Describe the characteristics of an autosomal recessive disorder.

Answer 4

• Appears in the progeny of unaffected parents.

• Affected progeny includes both males and females.

Question 5

What are some examples of autosomal recessive disorders?

Answer 5

Albinism

Cystic fibrosis

Sickle cell anaemia

Question 6

State the characteristics of pedigrees of autosomal dominant disorders.

Answer 6

• Show affected males and females in each generation (every affected individual must have one affected parent).

• Show affected men and women transmitting the condition to equal proportions of their sons and daughters.

Question 7

What are some examples of Mendelian autosomal dominant disorders?

Answer 7

Pseudoachondroplasia

Huntington’s disease

Marfan syndrome

Question 8

What are some diseases caused by X-linked disorders?

Answer 8

Colour blindness

Haemophilia A

Duchenne muscular dystrophy

Question 9

What are the characteristics of an X-linked recessive disorder?

Answer 9

• Strong skew towards males being affected.

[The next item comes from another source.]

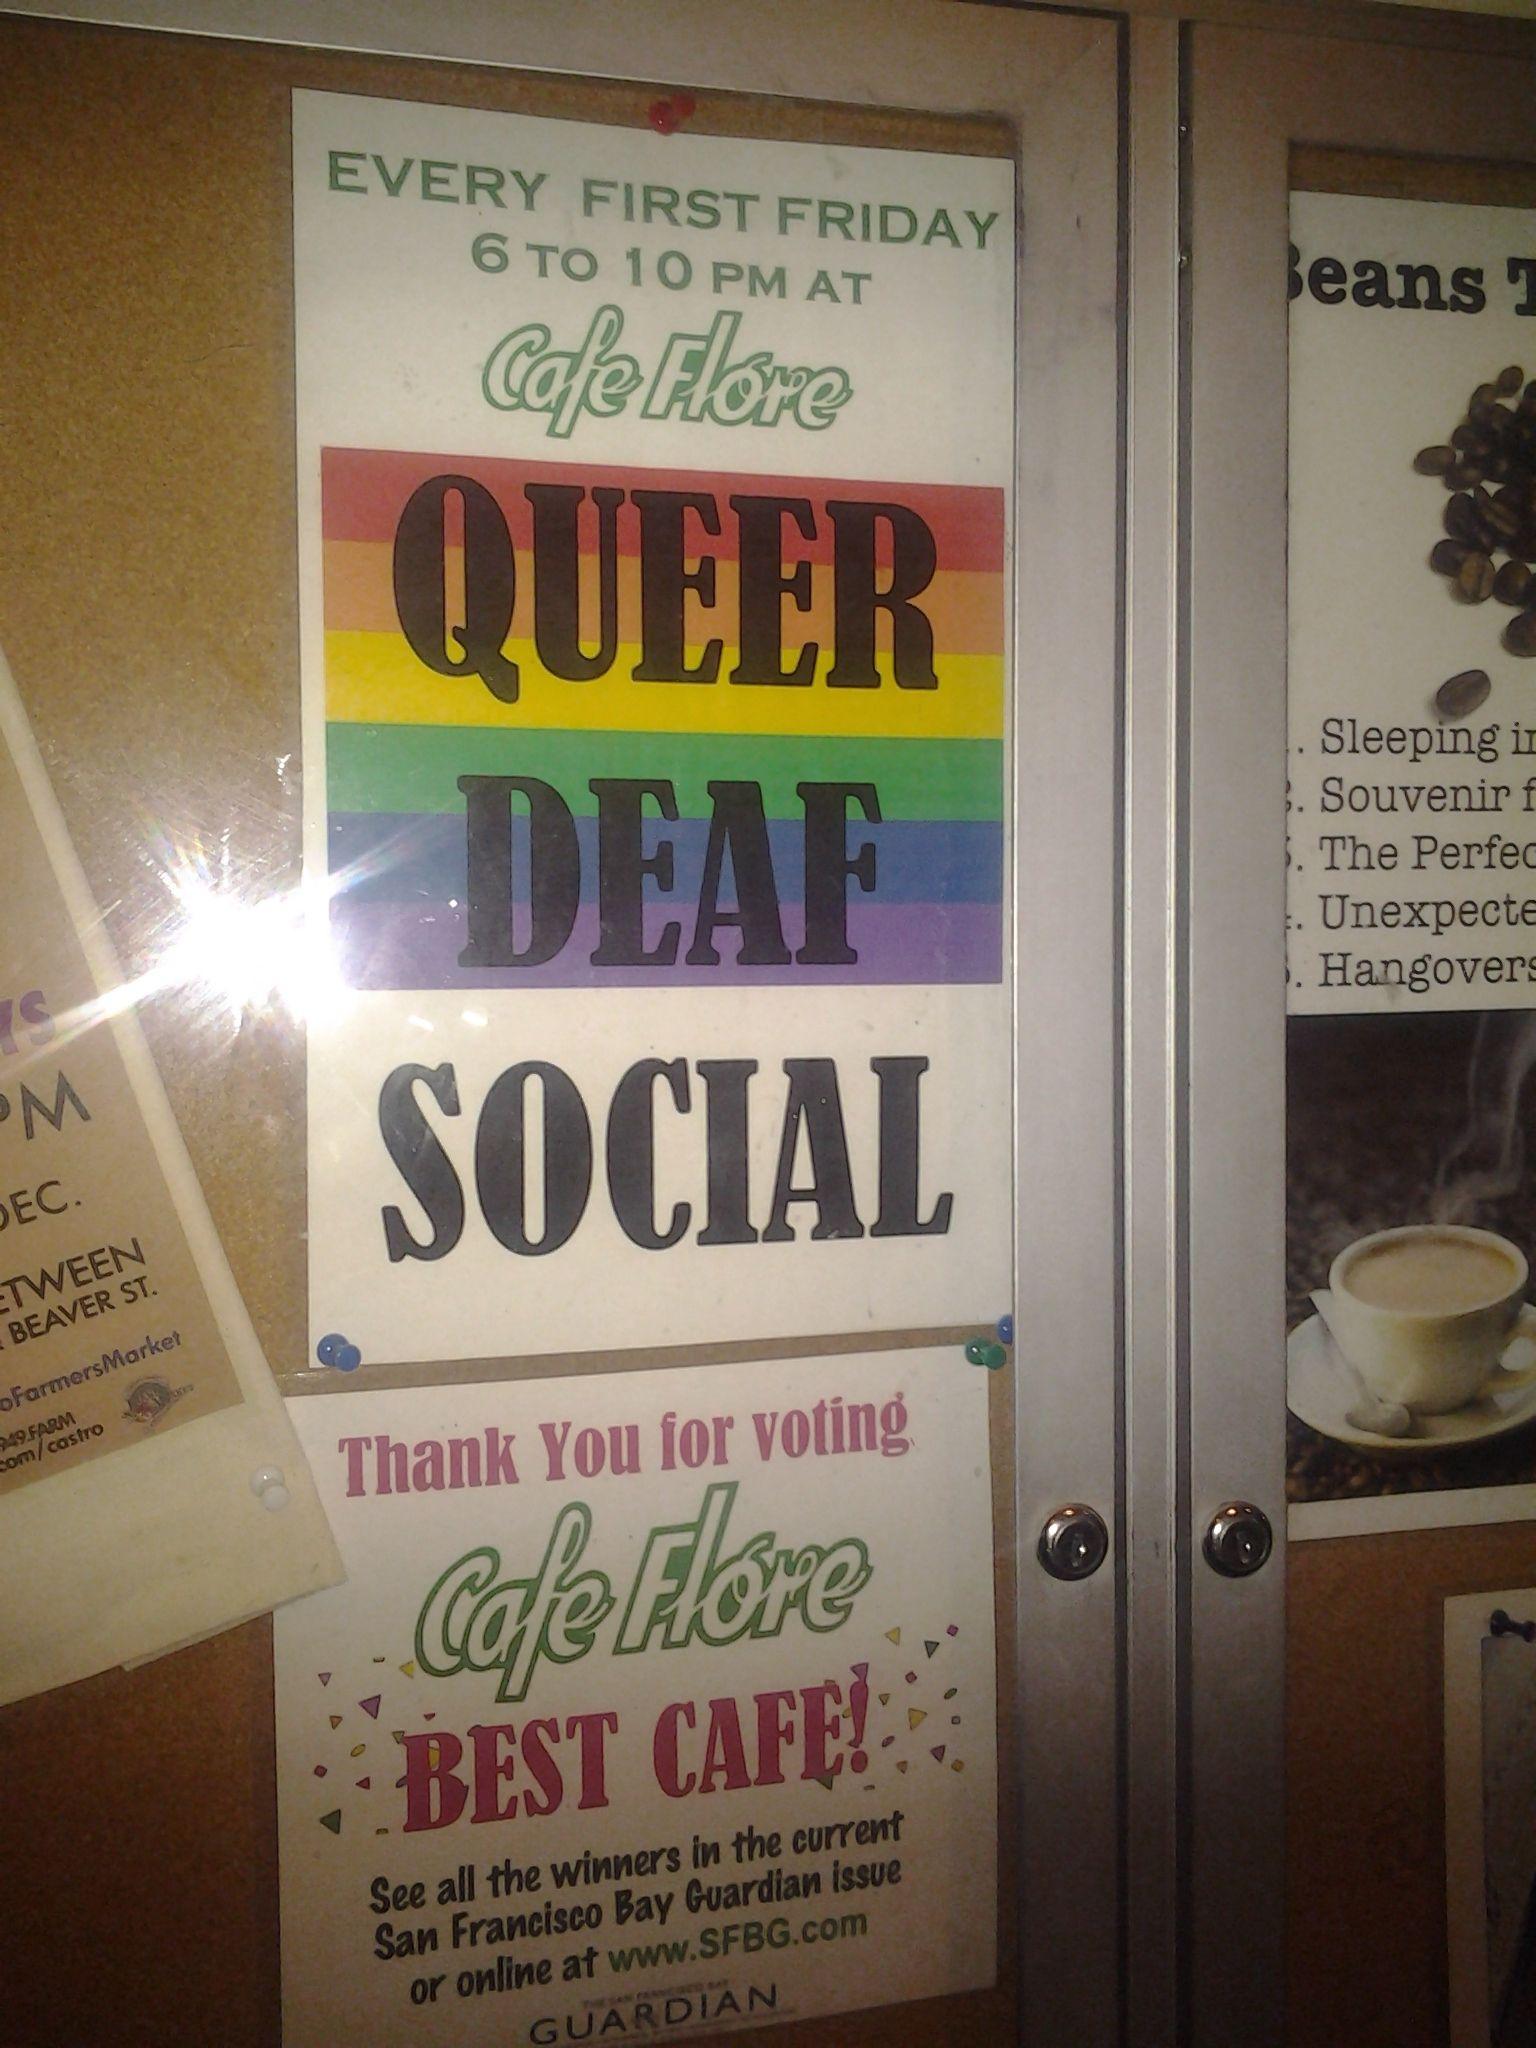 Deaf Social: SF LGBT Deaf Monthly Social-1st Fridays - SF LGBT Deaf ...: meetup.com/lgbt-deaf-hoh-and-asl-allies/events/226452179

• Also compatible with an autosomal recessive pattern of inheritance.

Question 10

Define the characteristics of X-linked dominant disorder.

Answer 10

• Only females are affected in generation II.

• Chart is also compatible with autosomal dominant inheritance.

Question 11

State why are there differences in dominant & recessive X-linked and autosomal disorders? What are they?

Answer 11

Due to males having only one X chromosome, the inheritance patterns are different between X-linked and autosomal disorders.

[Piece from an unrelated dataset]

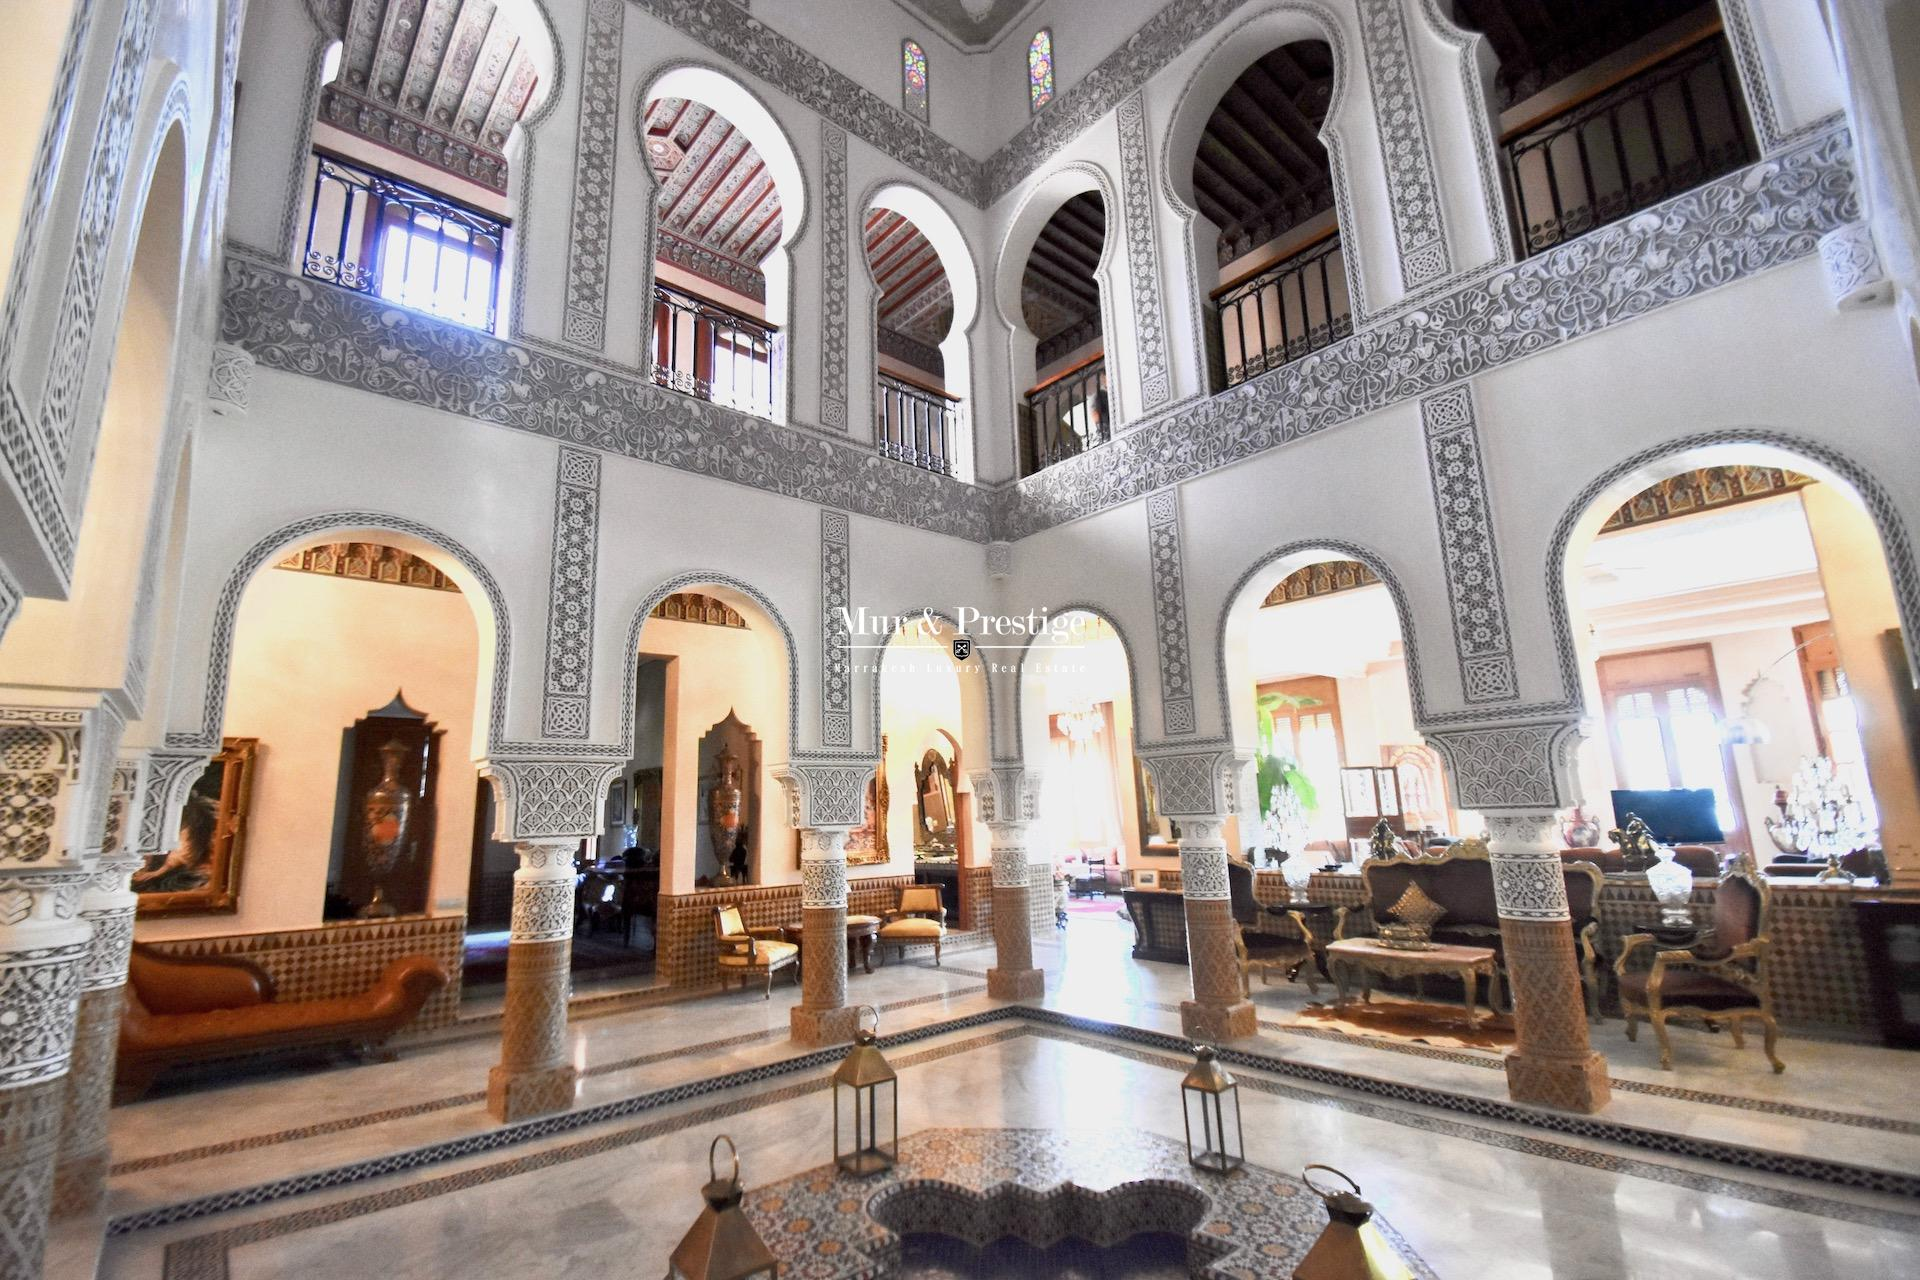 Propri�t� de style marocain en vente � Marrakech

• In X-linked recessive disorders males are much more likely to be affected as they only need to inherit one faulty copy, while females can be carriers.

• In X-linked dominant disorders, affected males will only transmit the conditions to daughters, but affected females will transmit the condition equally to their sons and daughters.

Question 12

What is the probability of a non-affected sibling in a dominant disorder being a carrier?

Answer 12

0, if they are non-affected and is a dominant disorder it cannot carry the mutant allele.

Question 13

What is the probability of a non-affected sibling in an autosomal recessive disorder being a carrier?

Answer 13

2/3, as they do not have the disorder they must be either AA or Aa.

Question 14

What is the probability of a non-affected female with an affected brother being a carrier in an X-linked recessive disorder? (Assume her brother is the only affected individual of this pedigree).

Answer 14

1/2, mother is an obligate carrier. Daughter has 50% chance of inheriting the mutant X.

Question 15

What is the probability of inheriting the mutant gene from an obligate carrier in an X-linked recessive disorder?

Answer 15

1/2, carrier must be female as X-linked. Chance of passing each chromosome is 50/50.

Question 16

What is the probability of inheriting the mutant gene from an unaffected parent in a dominant disorder?

Answer 16

0, by definition, a non-affected parent cannot carry the mutant allele in a dominant disorder.